Homeless shelter
Cots inside a homeless shelter. Photo via Pixabay

The Board of Supervisors is slated Tuesday to approve a roughly quarter-million-dollar project to repair a homeless facility in Palm Springs damaged by a fire well over a year ago.

The Nightingale Manor sustained losses that made part of the transitional shelter uninhabitable in June 2021, according to the Riverside County Housing Authority.

The board is expected to approve a $258,118 contract with Palm Springs-based Belfor USA Group Inc. to perform all work required to bring the 12-unit structure back up to code.

The Housing Authority is asking the board to approve the project as an emergency reconstruction enterprise, without seeking competitive bids.

“Approving this item will have a positive impact on the citizens and businesses of Riverside County,” according to a statement posted to the board’s agenda.

“The proposed project is expected to generate temporary construction jobs. Additionally, the renovations will protect (homeless) clients, providing more housing units for the displaced residents and making the building safer. This improvement will positively impact the overall health of workers and clients and improve the surrounding neighborhood.”
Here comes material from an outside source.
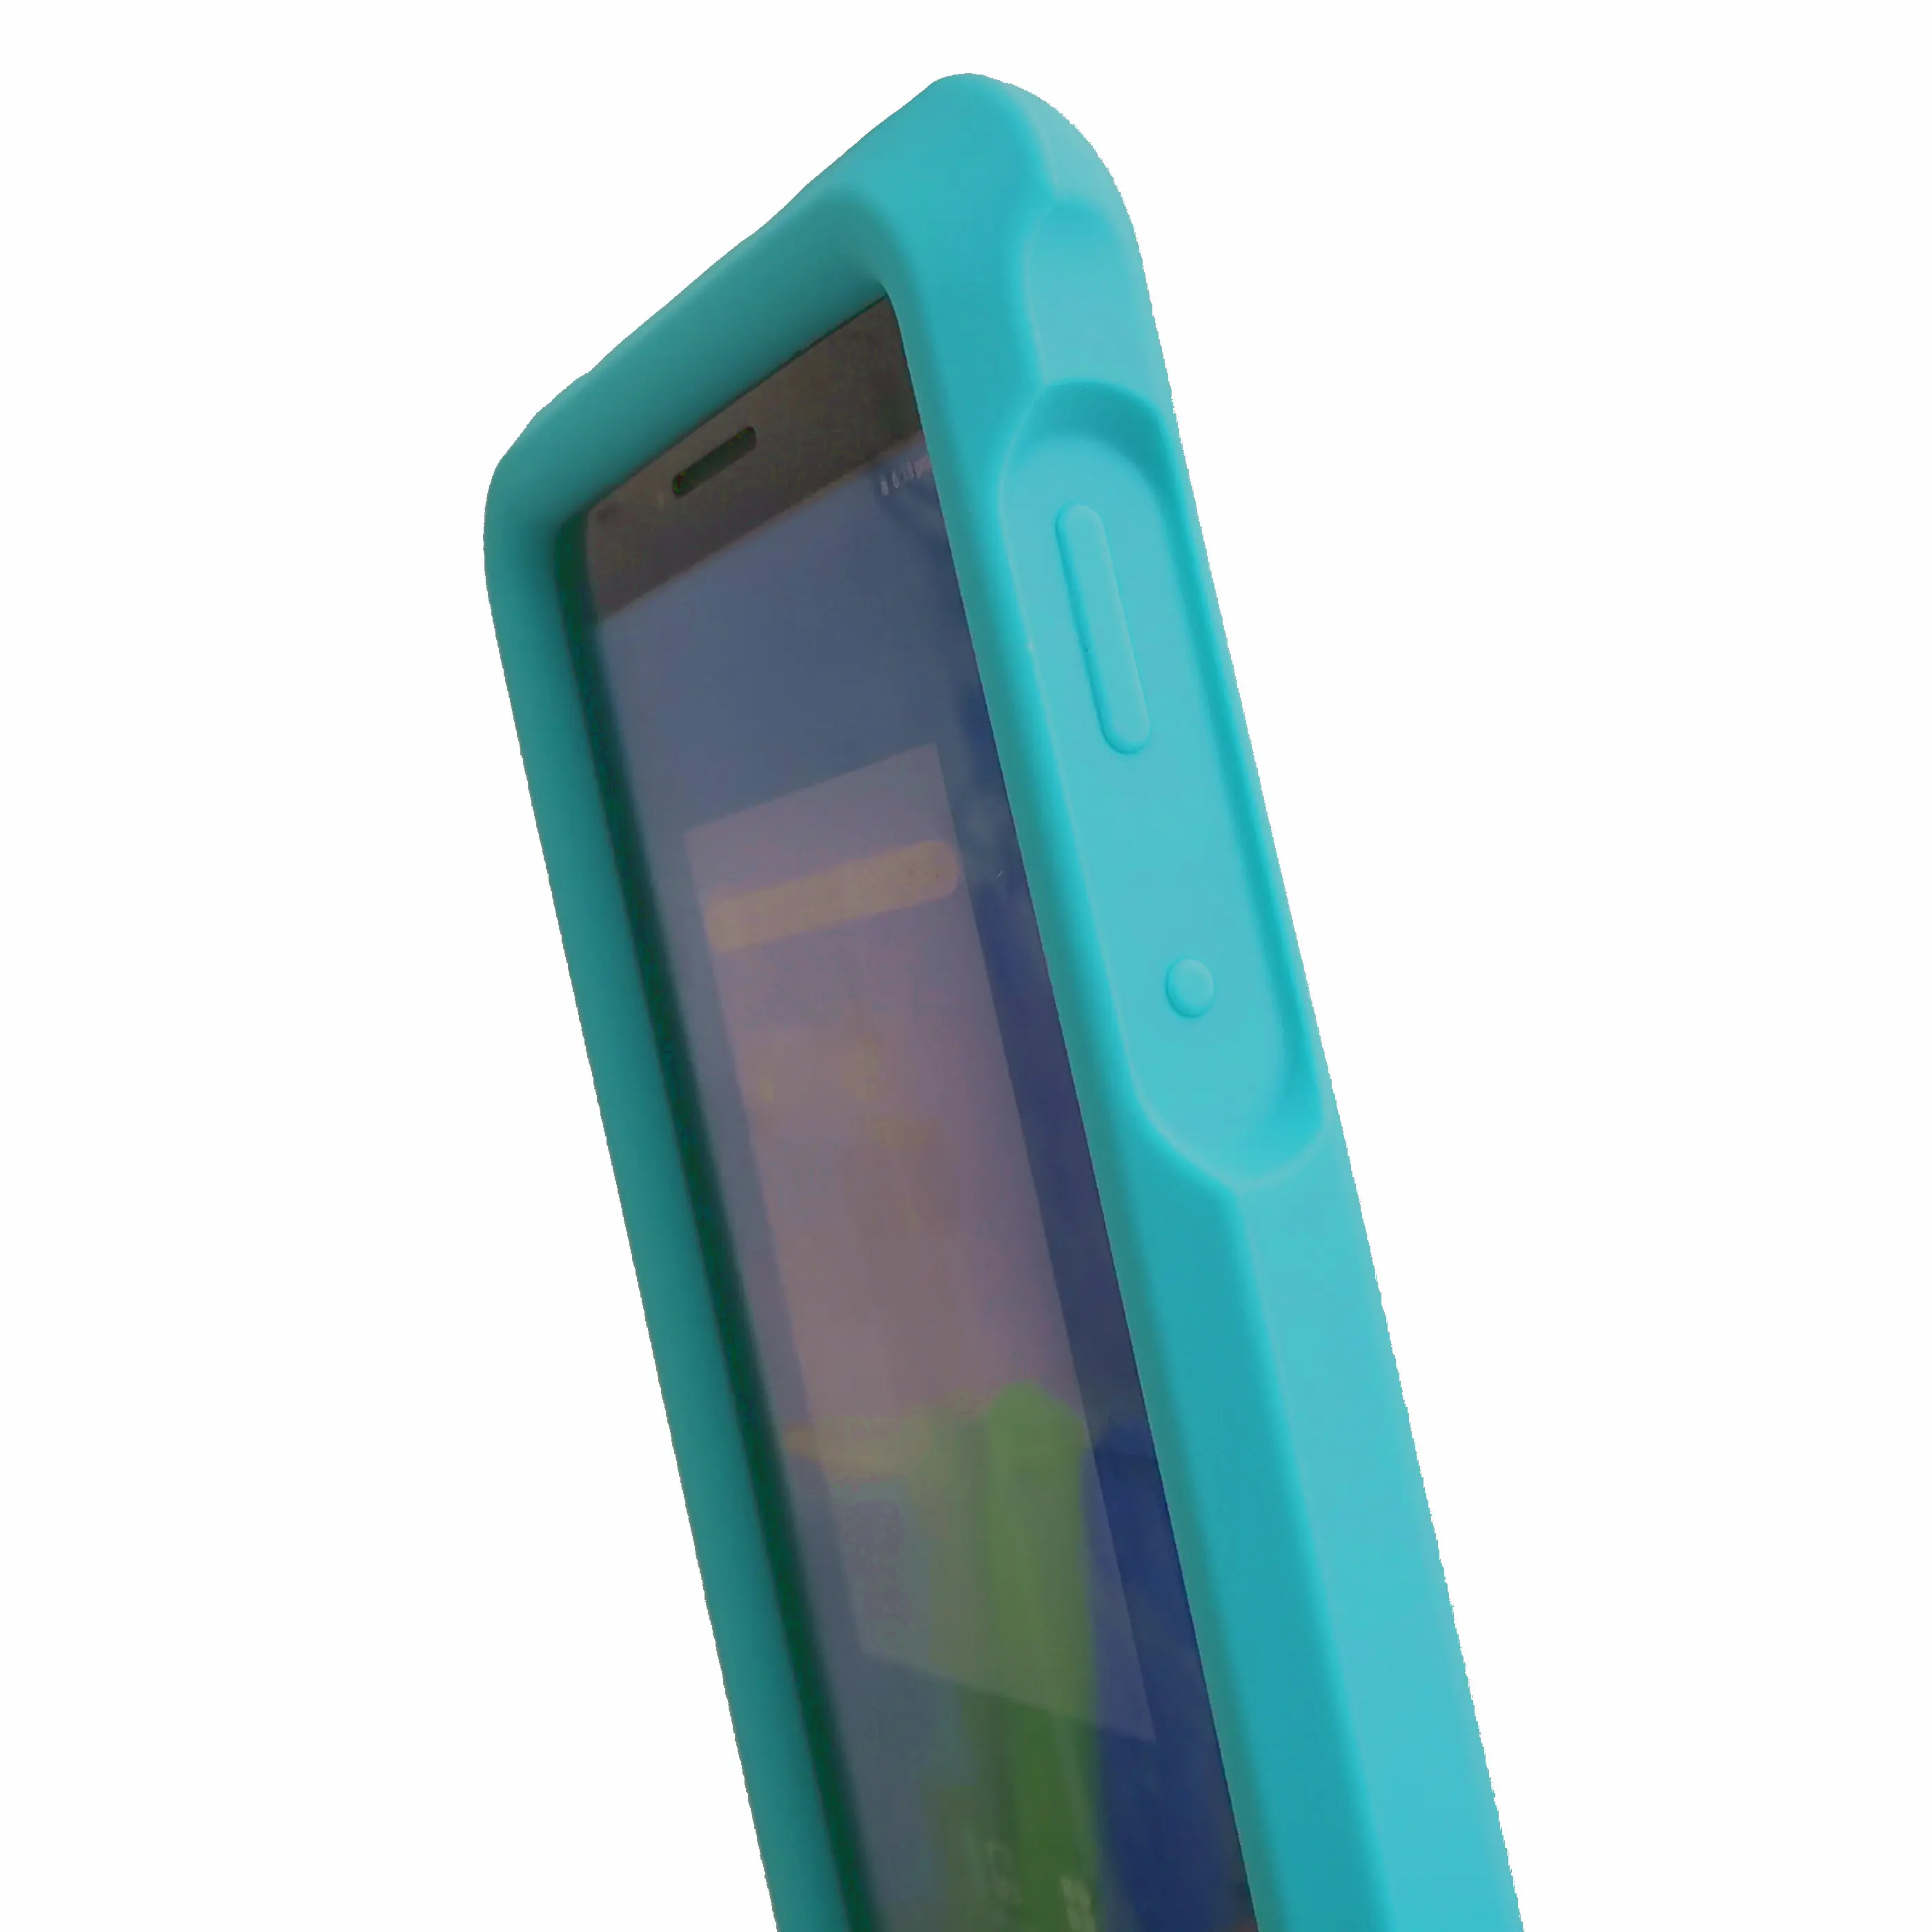 Подпрыгивающий детский E 7 чехол для планшета lenovo Tab E7 модель TB-7104 F/N 7,0 бампер противоударный силиконовый Прочный чехол для планшета

Multiple apartments were damaged by the June 15, 2021, blaze inside the facility, located 2951 De Anza Road. One of the occupants was also hurt, but not seriously, in the early morning conflagration.

The Palm Springs Fire Department did not identify a specific cause after the blaze was knocked down.

While the facility is owned by the county, it is leased and operated by the nonprofit Jewish Family Services. Initially, it was unclear whether JFS’ insurance carrier, or the county’s, would be responsible for covering repairs stemming from the fire.

According to county officials, the Housing Authority’s insurer was ultimately determined to be the responsible entity.

Belfor USA Group was selected based on its prior extensive use by “numerous county agencies for emergency repair work,” according to the Housing Authority.

It was unclear how long the reconstruction project would take.